Challenges and Risks in using Revenue Management


 Loss of competitive focus – over-focus on profit maximization and inadvertently neglect
aspects of the service that provide long-term competitive success
 Customer alienation – perceive the pricing as unfair; customer education is essential
 Overbooking – customers denied service or downgrade
 Employee morale problems – take much guesswork and judgement in setting prices away
from sales and reservations people; either appreciate the guidance or resent the rules and
restrictions on their own discretion
 Incompatible incentive and reward systems – do not match incentive structures -
rewarded on the basis of either capacity utilization or average rate charged
 Lack of employee training – employees need to understand its purpose, how it works,
how they should make decisions, and how the system will affect their jobs
 Inappropriate organization of the revenue management function – smaller organizations
may have decentralized reservation systems and thus find it difficult to operate a revenue
management system effectively.

Measuring the effectiveness of revenue management activities


Hotel example
 Occupancy rate
 Average daily rate (ADR)
 RevPOR (Revenue per Occupied Room)
 RevPAR (Revenue per Available Room)
 Total RevPAR (Total Revenue per Available Room)
 GOPPAR (Gross Operating Profit per Available Room)

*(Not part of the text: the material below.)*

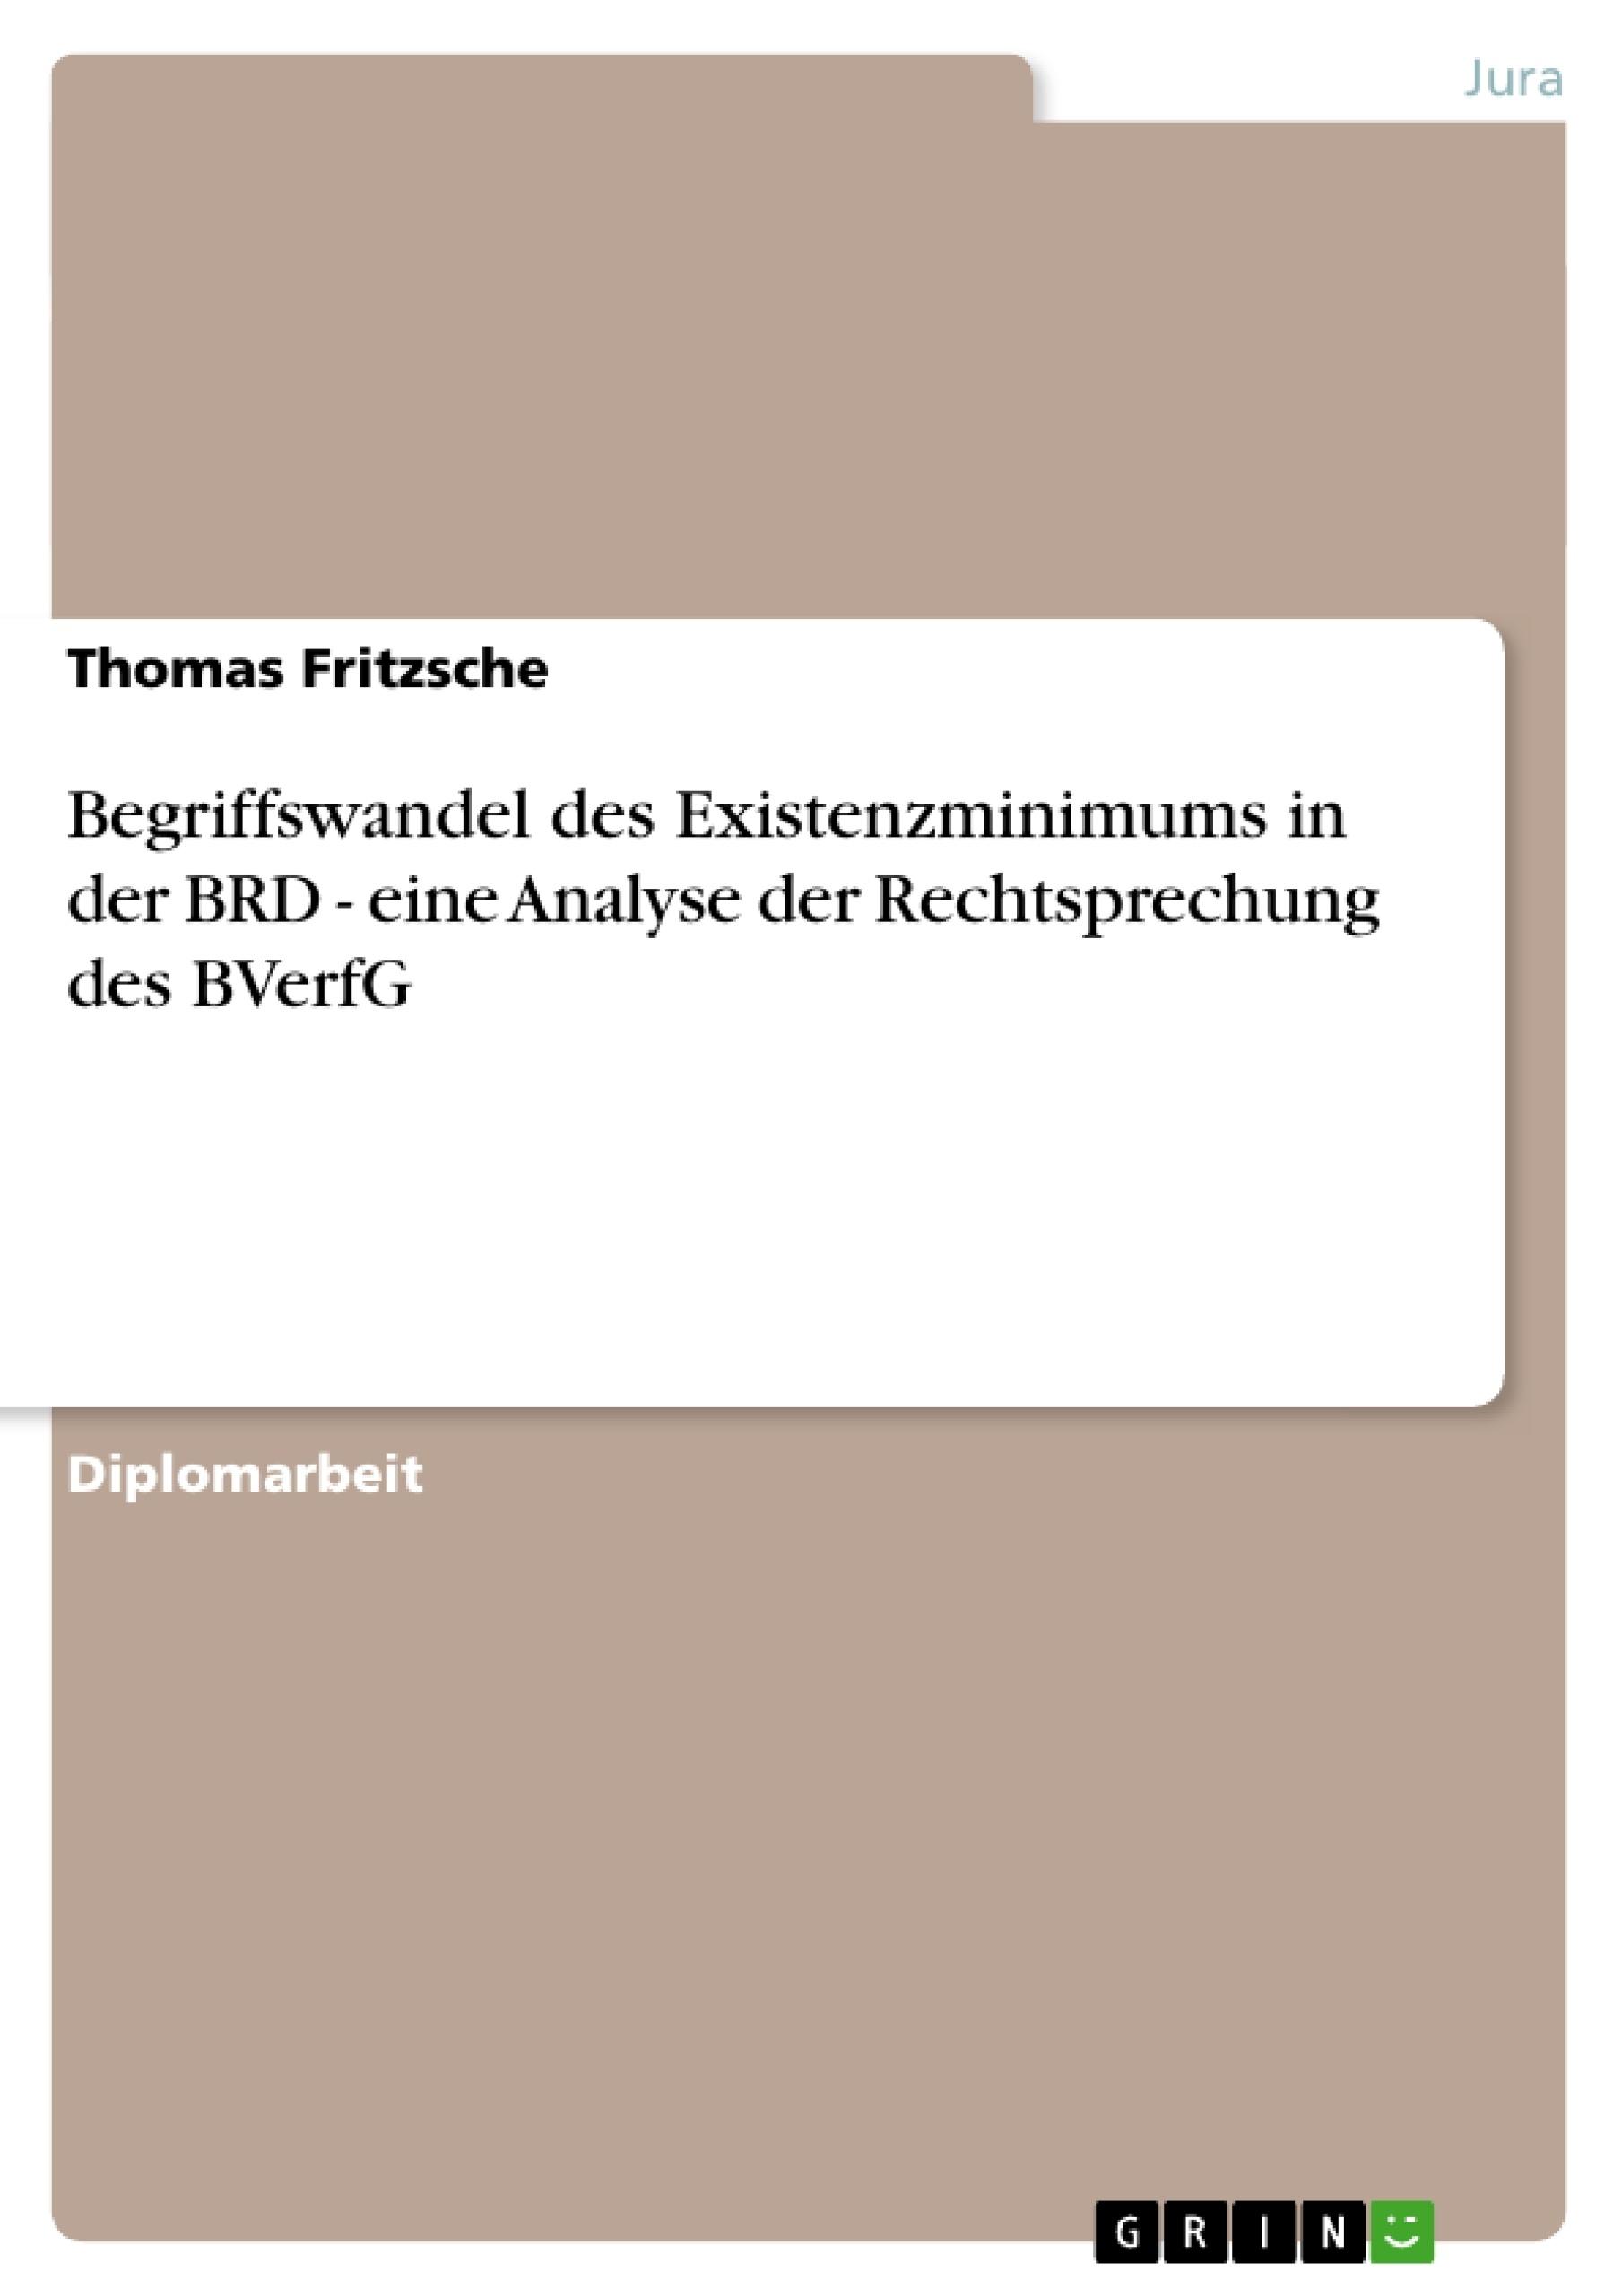 Titel: Begriffswandel des Existenzminimums in der BRD  -  eine Analyse der Rechtsprechung des BVerfG

Queuing Strategies: When demand and capacity cannot be matched


 Employ Operational Logic
o First step is to analyse the operational processes to remove any inefficiencies
o Decide what kind of queuing system to use, or how to configure the queues
o Queue configuration – number of queues, their locations, their spatial requirement
and their effect on customer behaviour
o
 Establish a reservation process
o To guarantee that the service will be available when the customer arrives
o Can potentially shift demand to less desirable time periods
o Challenge: “no show” – solved by overbooking or charging customers
 Differentiate Waiting Customers
o “queue discipline” – management policies regarding whom to select next for
service e.g. first time first served
o can be based on factors such as:
 importance of the customer
 urgency of the job
 duration of the service transaction
 payment of a premium price
 Make waiting pleasurable or at least tolerable
o Several principles about the psychology of queuing
 Unoccupied time feels longer than occupied time – e.g. solution: give
customers menus to look at while waiting in the restaurant
 Pre-process waits feel longer than in-process waits – e.g. solution: fill out
medical information while waiting to see doctor
 Anxiety makes waits seem longer – e.g. solution: use single line to
alleviate customer anxiety over having chosen the wrong line
 Uncertain waits are longer than known, finite waits – solution: give
customers information on the length of the anticipated wait or their relative
position in the queue
 Unexplained waits are longer than explained waits
 Unfair waits are longer than equitable waits – solution: first-come, first-
served
 The more valuable the service, the longer the customer will wait (e.g.